A Dozen Residents of Central Havana Protest the Lack of Electricity and Water

This Monday, one of the State Security motorcycles remained in the area as a warning, as this newspaper was able to verify. (14ymedio)

14ymedio bigger14ymedio, Juan Diego Rodríguez, Havana, July 24, 2023 — The presence of a State Security motorcycle was the only trace this Monday morning of the protest that took place on Sunday night in Belascoaín and San Lázaro, in Centro Habana .

A dozen people managed to interrupt traffic by sitting across the street until two policemen showed up in the area and talked with los plantados, a gesture that has circulated through the social networks of a multitude of Cuban activists after the rapper Eliexer Márquez El Funky broadcast a video in which the brief demand is filmed.

The musician shared the images on his Facebook profile and asked the residents of the area for confirmation of the facts. Some of them fact-checked but the reason for the protest remains unclear.

“They don’t let anyone through, they say they have been without power for more than three days,” said El Funky, while a resident in the area replied that the problem is even greater. “It’s been 10 days and nothing and no one solves the problem for us. The food is spoiling; the children barely sleep at night. The refrigerators don’t work. The Electric Company comes and, supposedly, fixes the problem. It only lasts 20 minutes that the electricity starts again. Enough, we are not sheep, just hard-working human beings and we need to live as people,” replied one user.

According to other comments, the lack of running water was the demand of those who protested last night. “I just passed by and there are a million police patrol cars from the dictatorship and patrol motorcycles, everything seems to indicate that they dissolved the small protest for water,” said another commentator. The controversy grew in the rapper’s publication among those who criticized the magnitude of the ’sit-in’. continue reading

“If everyone is dealing with this shit, why don’t they all come out? Why are there always 10 or 20? Shit, everyone come out!” lamented one of the many who called for Cubans to unite to face the painful circumstances caused by the Government’s ineptitude .

This Monday, one of the State Security motorcycles remained in the area as a warning, as 14ymedio was able to verifyThe neighbors, however, were reluctant to comment on what had happened, but they did affirm that light has not been lacking on that particular corner recently and this morning several of the houses located in the area had their light bulbs on.
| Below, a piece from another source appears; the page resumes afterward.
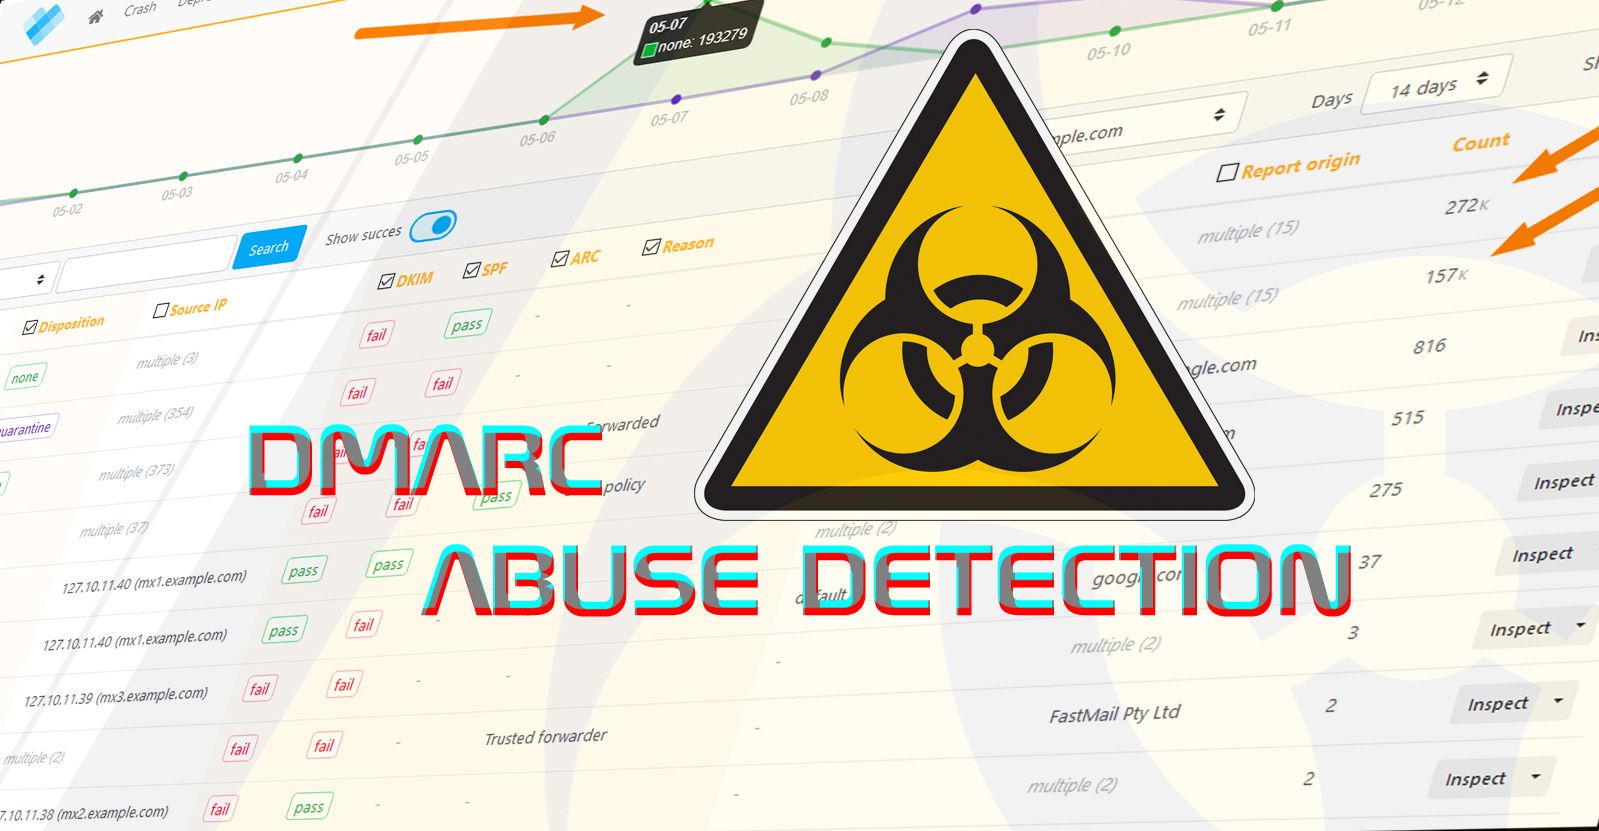 Detect email abuse using DMARC reports
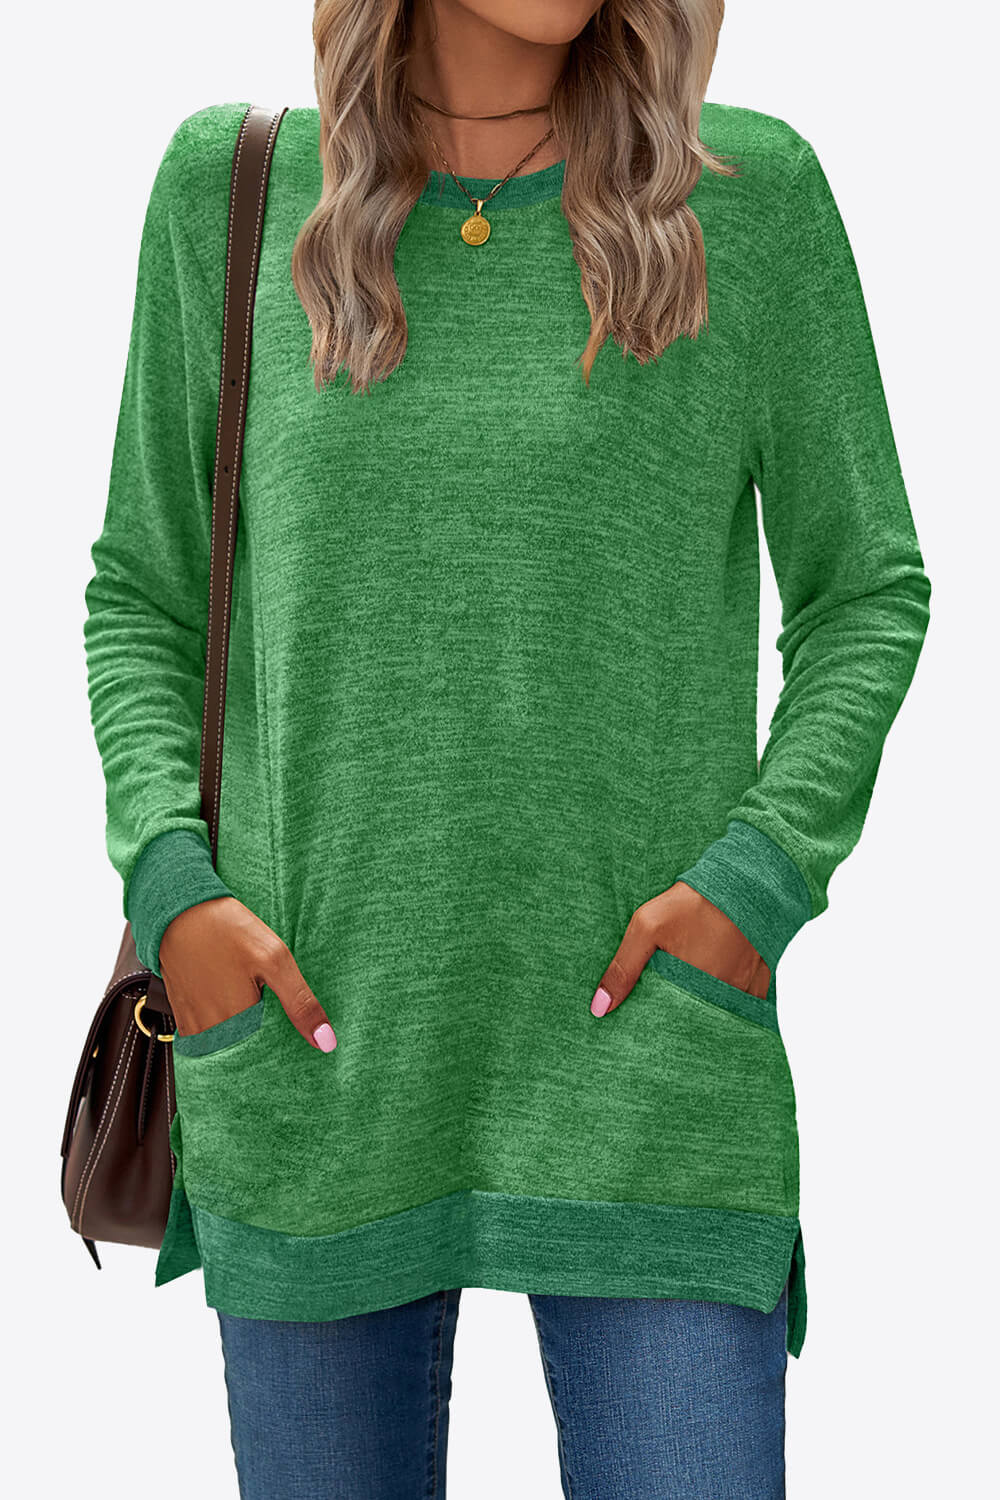 Heathered Slit Top with Pockets - Green / S - T-Shirts - Shirts & Tops - 13 - 2024

The place of the protest, located in the neighborhood of San Leopoldo, is one of the most densely populated areas of the Cuban capital. Without the historical appeal of Old Havana or the glamor of El Vedado, the municipality of Centro Habana has been passed by in investments and improvements to its infrastructure.

In San Leopoldo, a strip adjacent to the Havana malecón, problems in the water supply have been dragging on for decades but have worsened over the years. Meanwhile, the problems multiply: the deterioration caused to the hydraulic network from the proximity to the sea; the continuous coastal flooding derived from the hurricanes; and the population growth of the neighborhood.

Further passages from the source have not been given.